WORK ORDER >> Every line from the one holding "JENNA ELFMAN at" through the last line of the records must be retyped exactly, and no other line or picture may appear in the copy.
SOURCE MATERIAL START
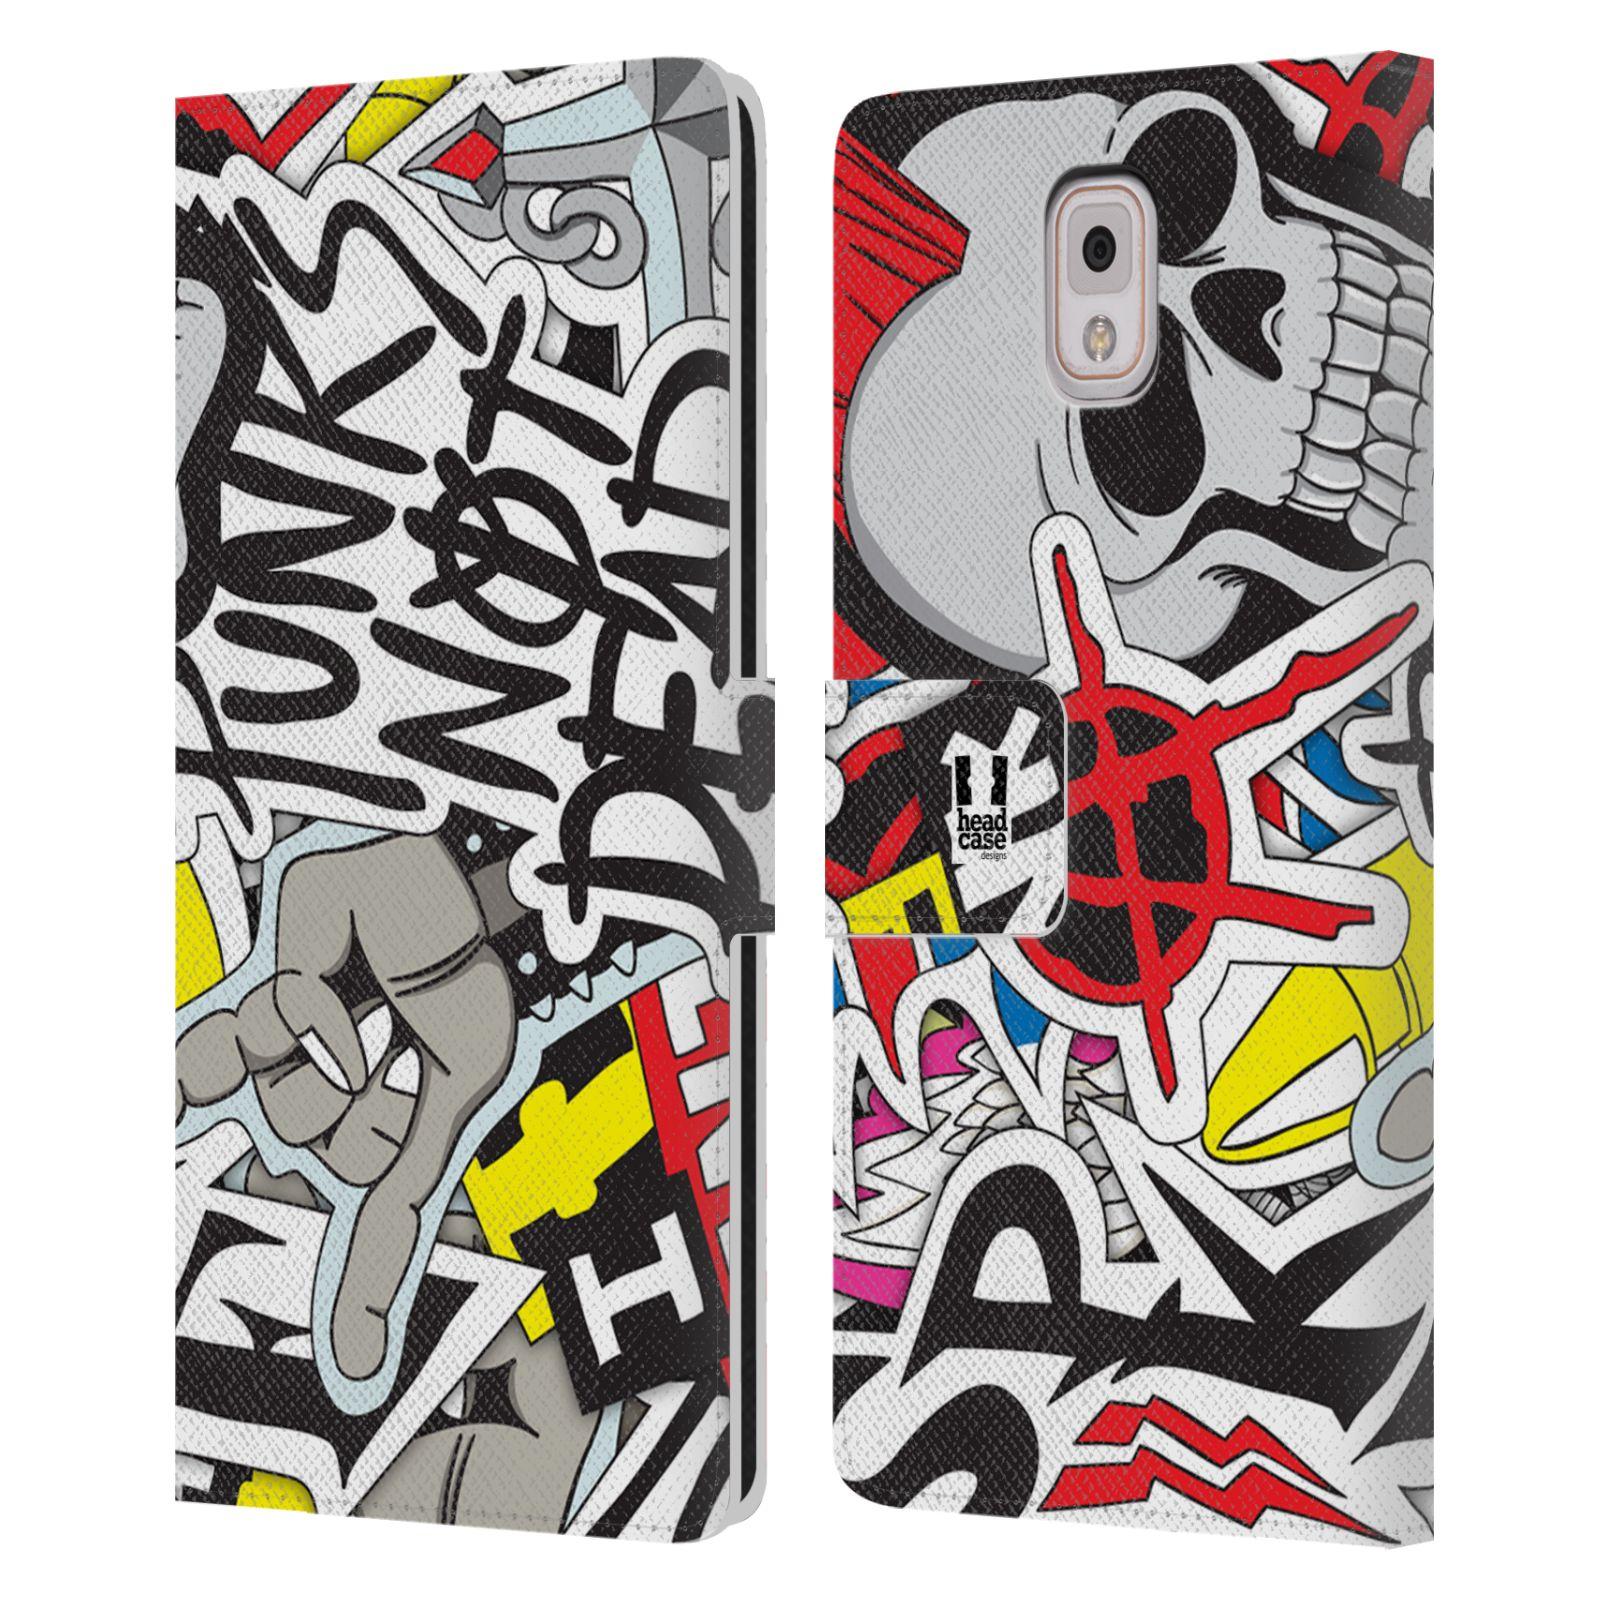 HEAD CASE Flipové pouzdro pro mobil Samsung Galaxy Note 3 N9005 vzor STICKER nálepky PUNK IS NOT DEAD
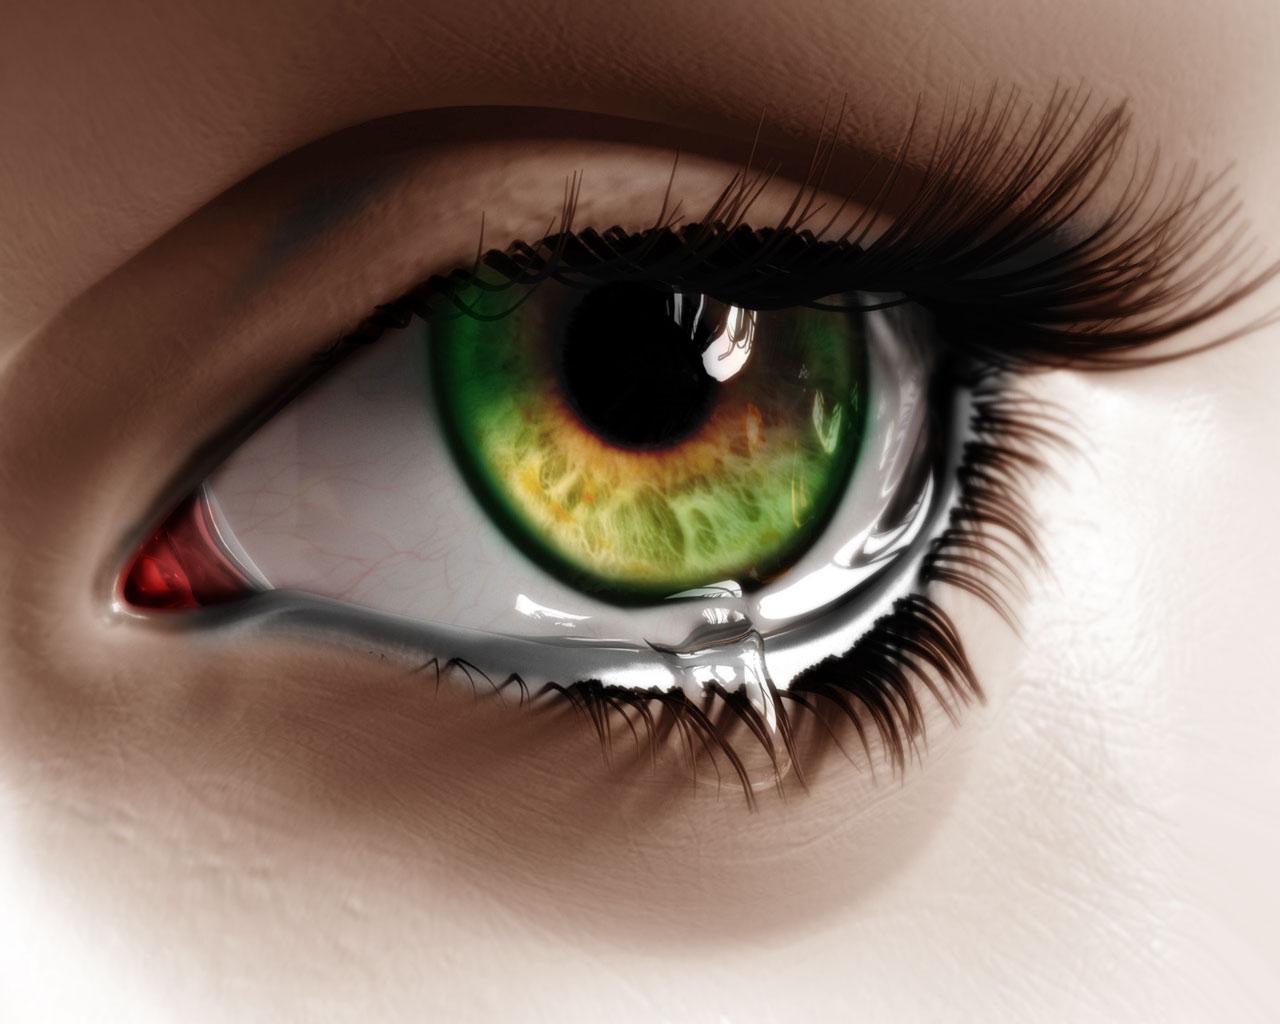 http://3.bp.blogspot.com/-iVrkMXkRxRs/Tlfeqwv61VI/AAAAAAAAAsc/rTAJ1sXEBXg/s1600/sad-eyes-wallpaper.jpg
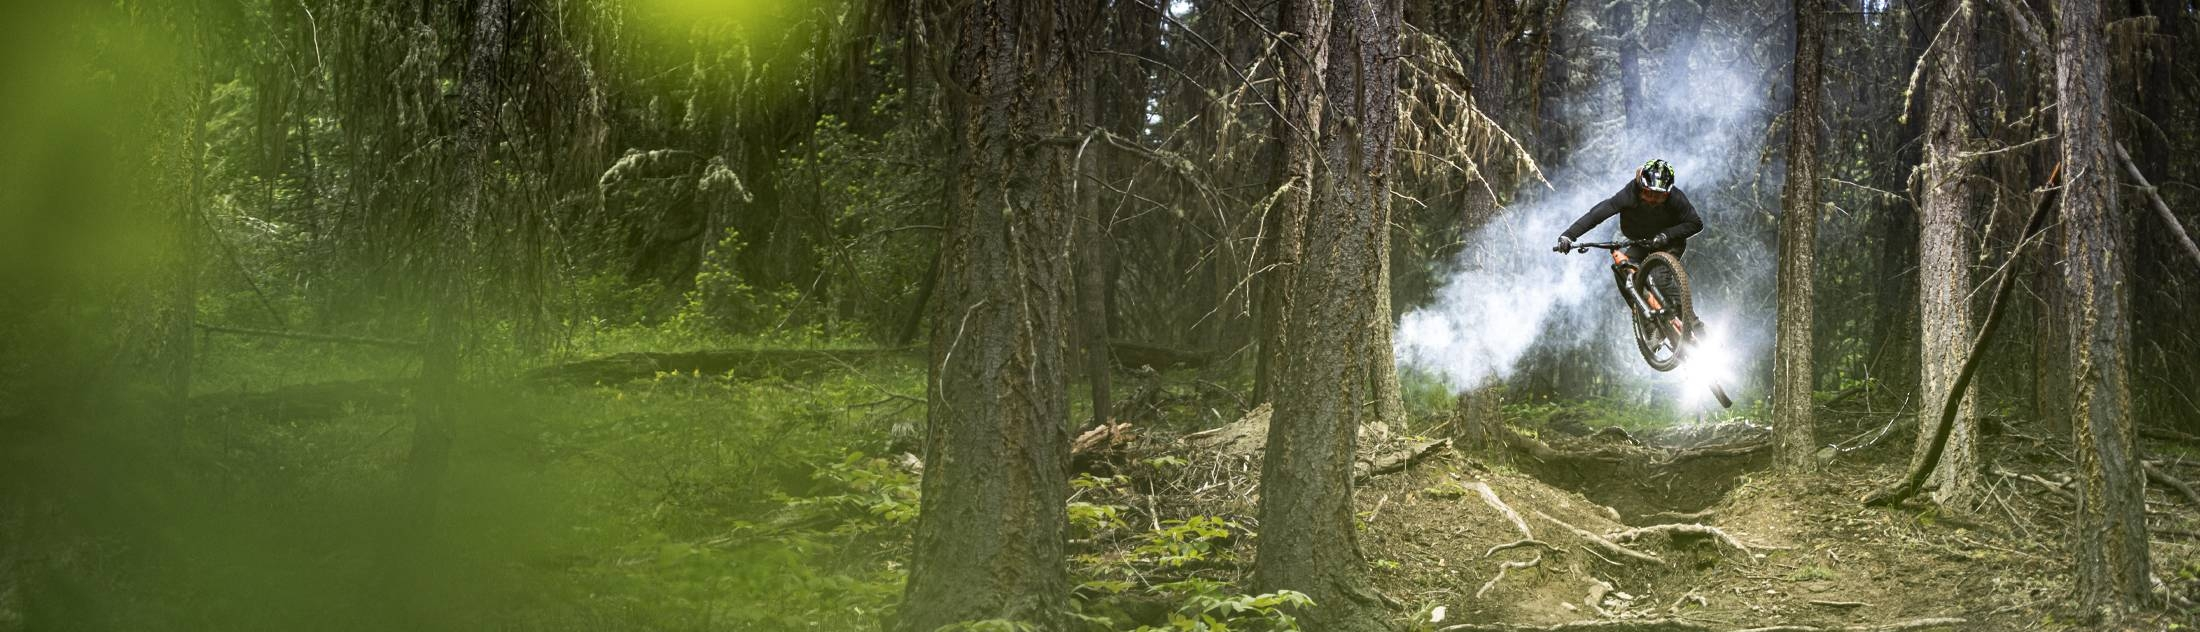 Evil Wreckoning in forest
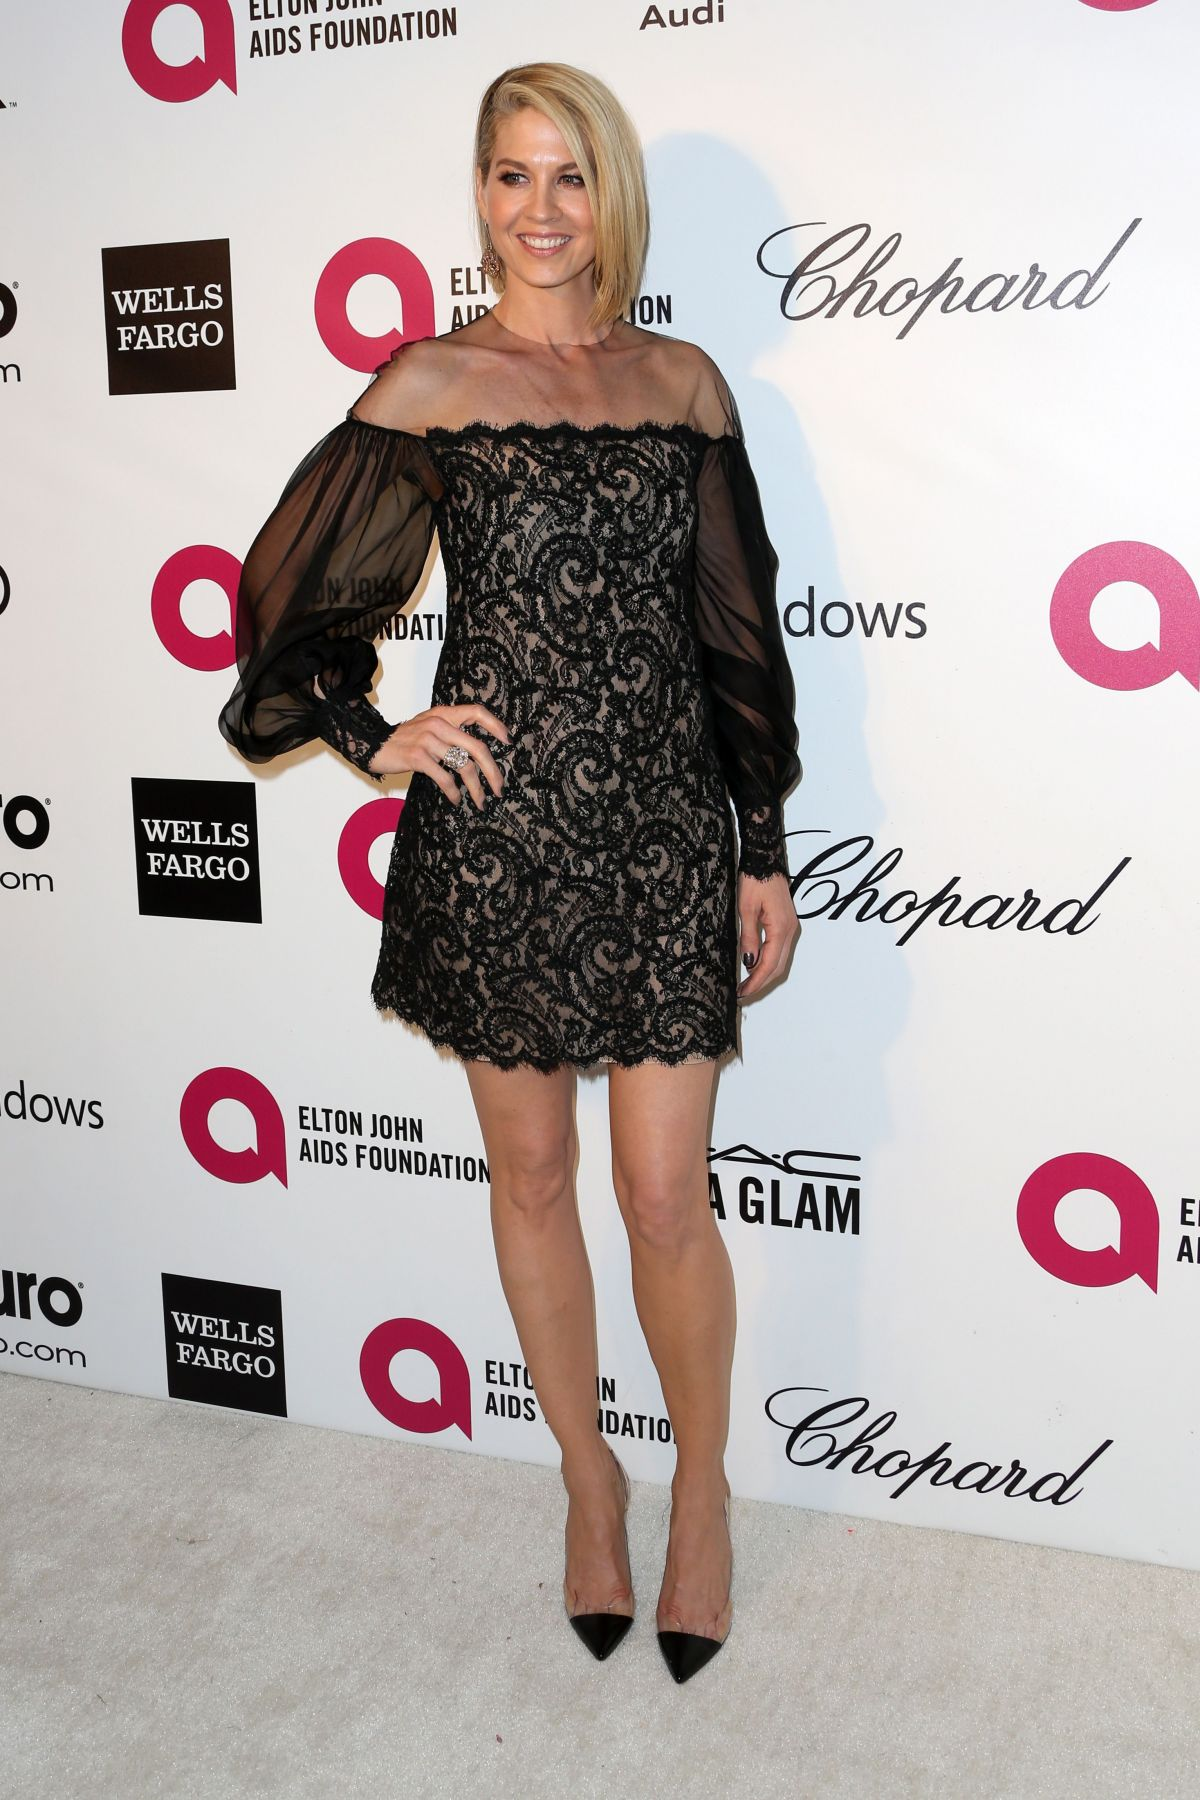 JENNA ELFMAN at Elton John Aids Foundation Oscar Party in Los Angeles
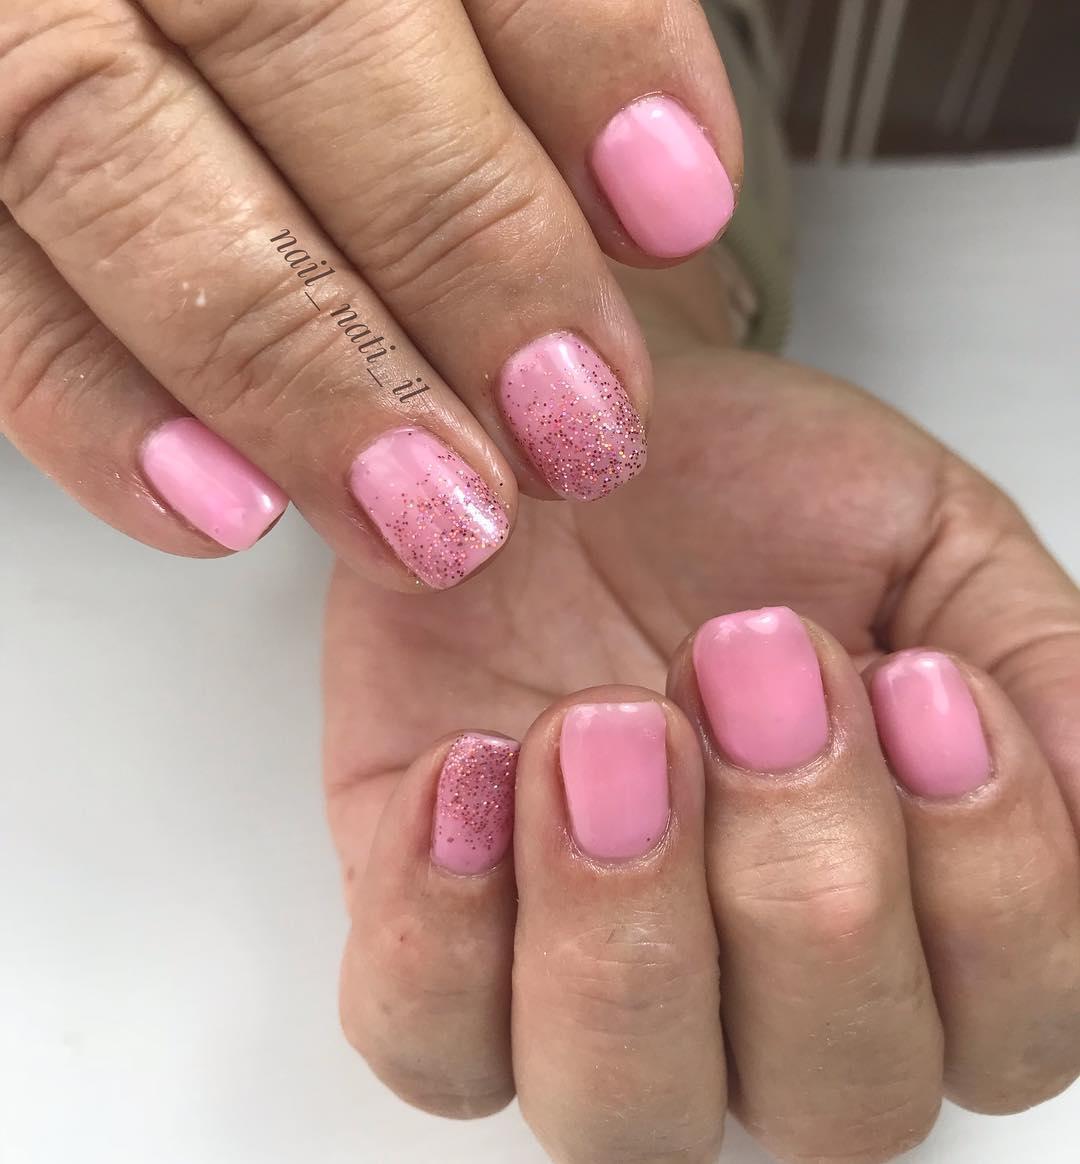 simple flower nail design ideas 2019 - 24 Simple Flower Nail Design Ideas 2019
SOURCE MATERIAL END
RESPONSE BELOW >>
 JENNA ELFMAN at Elton John Aids Foundation Oscar Party in Los Angeles
 simple flower nail design ideas 2019 - 24 Simple Flower Nail Design Ideas 2019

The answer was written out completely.